Sales and marketing expenses     18,225       (5,435 )     (f)       12,790  
General and administrative expenses     16,826       (1,096 )     (f)       15,730  
Research and development expenses     4,880       -               4,880  
Restructuring charges     1,027       (166 )     (f)       861  
Amortization of intangible assets     2,578       (971 )     (f)       1,607  
Gain on sale of assets, net     (810 )     -               (810 )
Total operating expenses     42,726       (7,667 )             35,059  
                                 
Operating income     6,618       (2,262 )             4,356  
                                 
Other expense:                                
Foreign exchange     (150 )                     (150 )
Interest expense, net     (916 )                     (916 )
Other expense, net     (1,135 )                     (1,135 )
Other expense, net     (2,201 )     -               (2,201 )
                                 
Income before income taxes     4,417       (2,262 )             2,155  
Income tax expense     2,062       (77 )     (g)       1,985  
Net income   $ 2,355     $ (2,185 )           $ 170  
                                 
Earnings per share:                                
Basic earnings per common share   $ 0.07     $               $ 0.01  
                                 
Diluted earnings per common share   $ 0.07     $               $ 0.01  
                                 
Weighted average common shares:                                
Basic     32,171                       32,171  
                                 
Diluted     33,237                       33,237  

 

 

 

HARVARD BIOSCIENCE, INC.

 

NOTES TO UNAUDITED PRO FORMA CONSOLIDATED FINANCIAL STATEMENTS

 

 

(a) This adjustment represents the receipt of cash consideration at the closing of the transaction.

 

(b) These adjustments reflect the elimination of assets and liabilities attributable to Denville.

 

(c) Included in this adjustment is a working capital receivable in the amount of $0.2 million held in escrow at the closing of the transaction.

 

(d) This adjustment represents a long term escrow receivable in the amount of $1 million, payable to the Company 18 months following closing, and held in escrow at the closing of the transaction.

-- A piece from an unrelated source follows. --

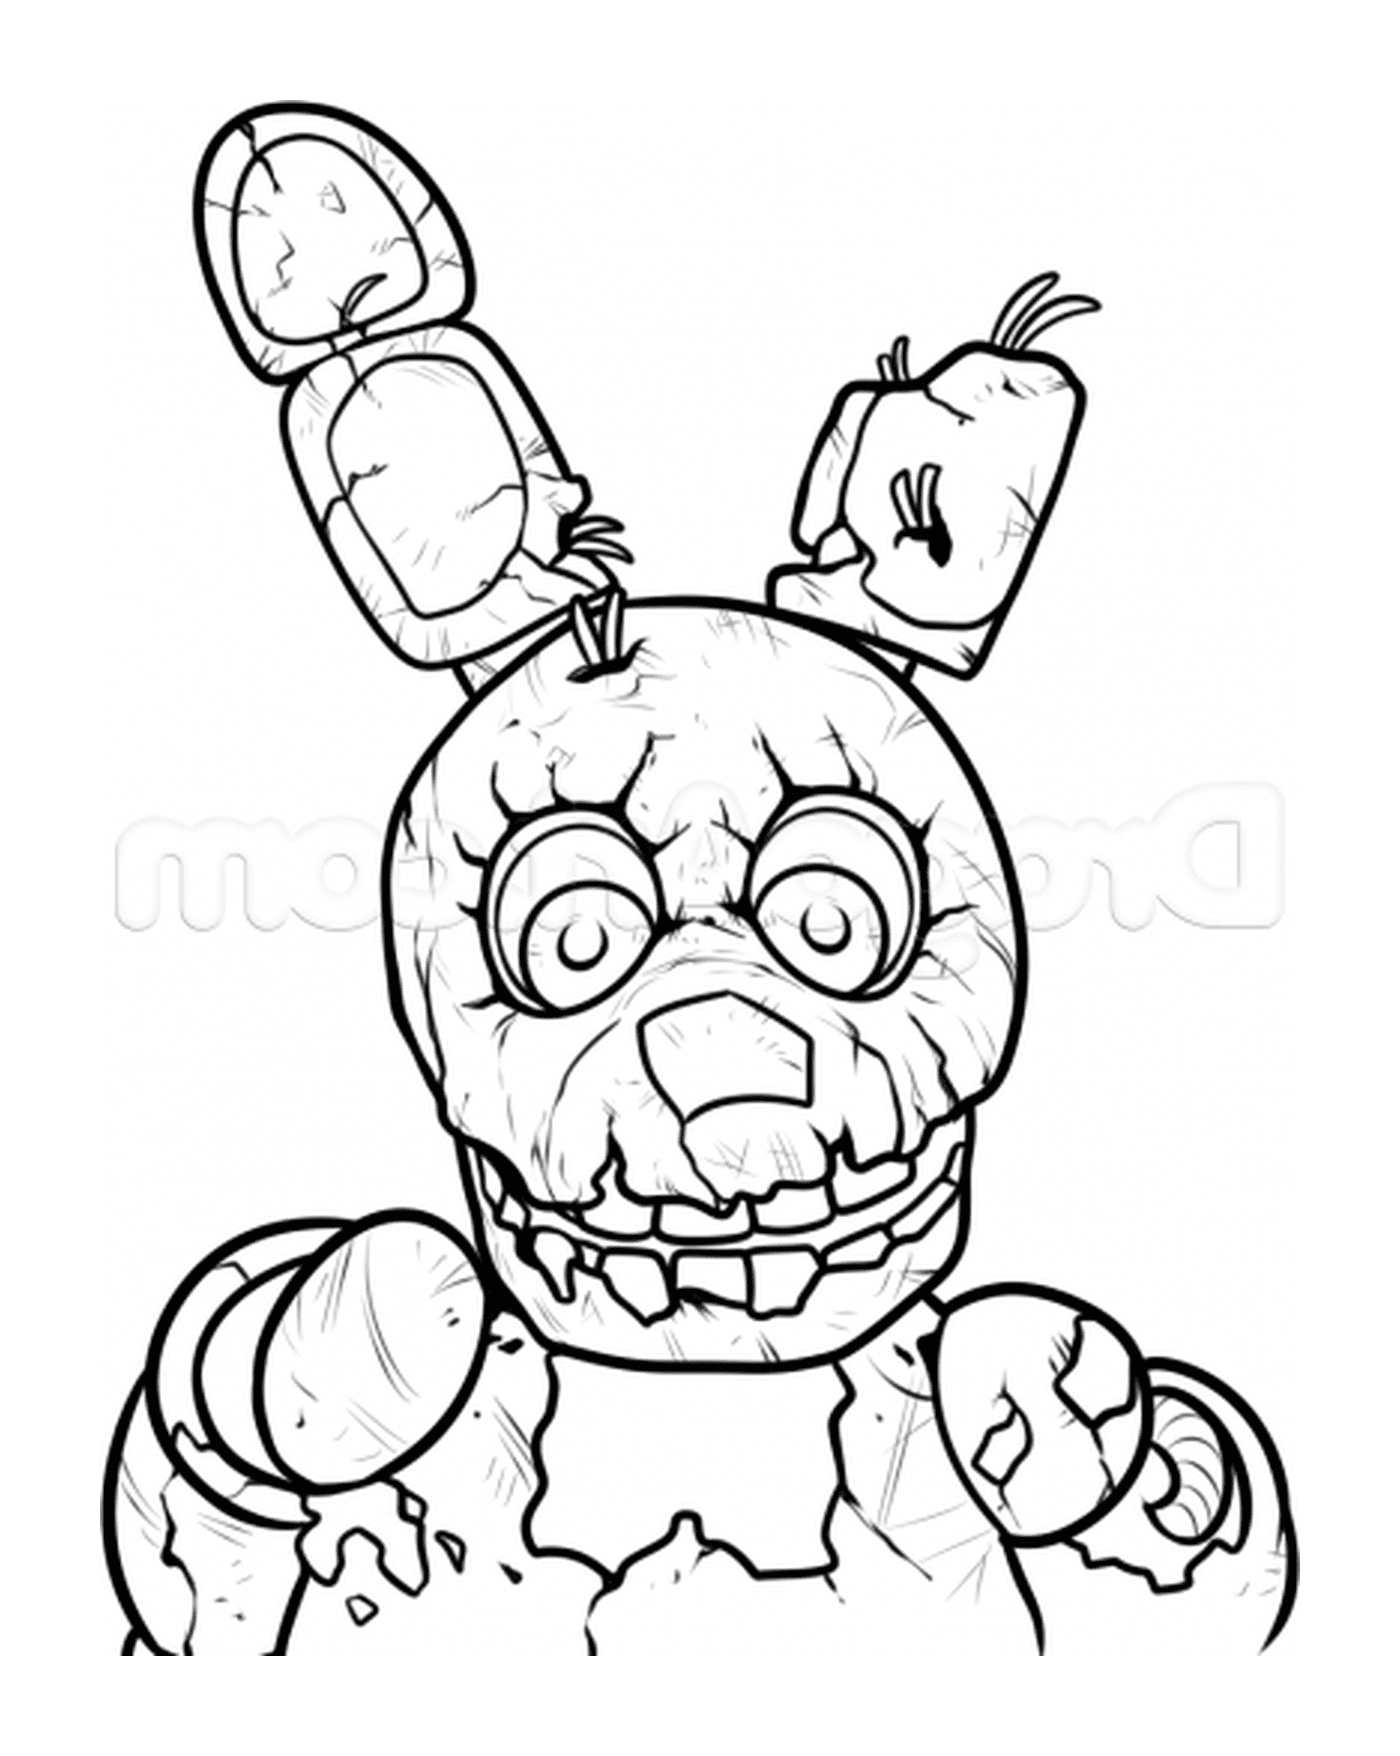   Comment dessiner Toy Bonnie de Five Nights at Freddy's

Not included in this adjustment is the $3 million earn out provision since it is contingent on the achievement of certain gross profit margin targets.

 

(e) This adjustment reflect the estimated gain on sale arising from the transaction. This estimated gain has not been reflected in the pro forma consolidated statements of operations as it is considered nonrecurring in nature. No adjustment has been made to the sale proceeds to give effect to any potential post-closing adjustments under the terms of the Purchase Agreement, other than what has been disclosed within these notes to the unaudited pro forma consolidated financial statements.

 

(f) These adjustments reflect the elimination of the revenues and expenses attributable to Denville.

 

(g) This adjustment represents the estimated income tax effect of the pro forma adjustments, as well as the effect of any changes to valuation allowances. The tax effect of the pro forma adjustments was calculated using the historical statutory rates in effect for the periods presented.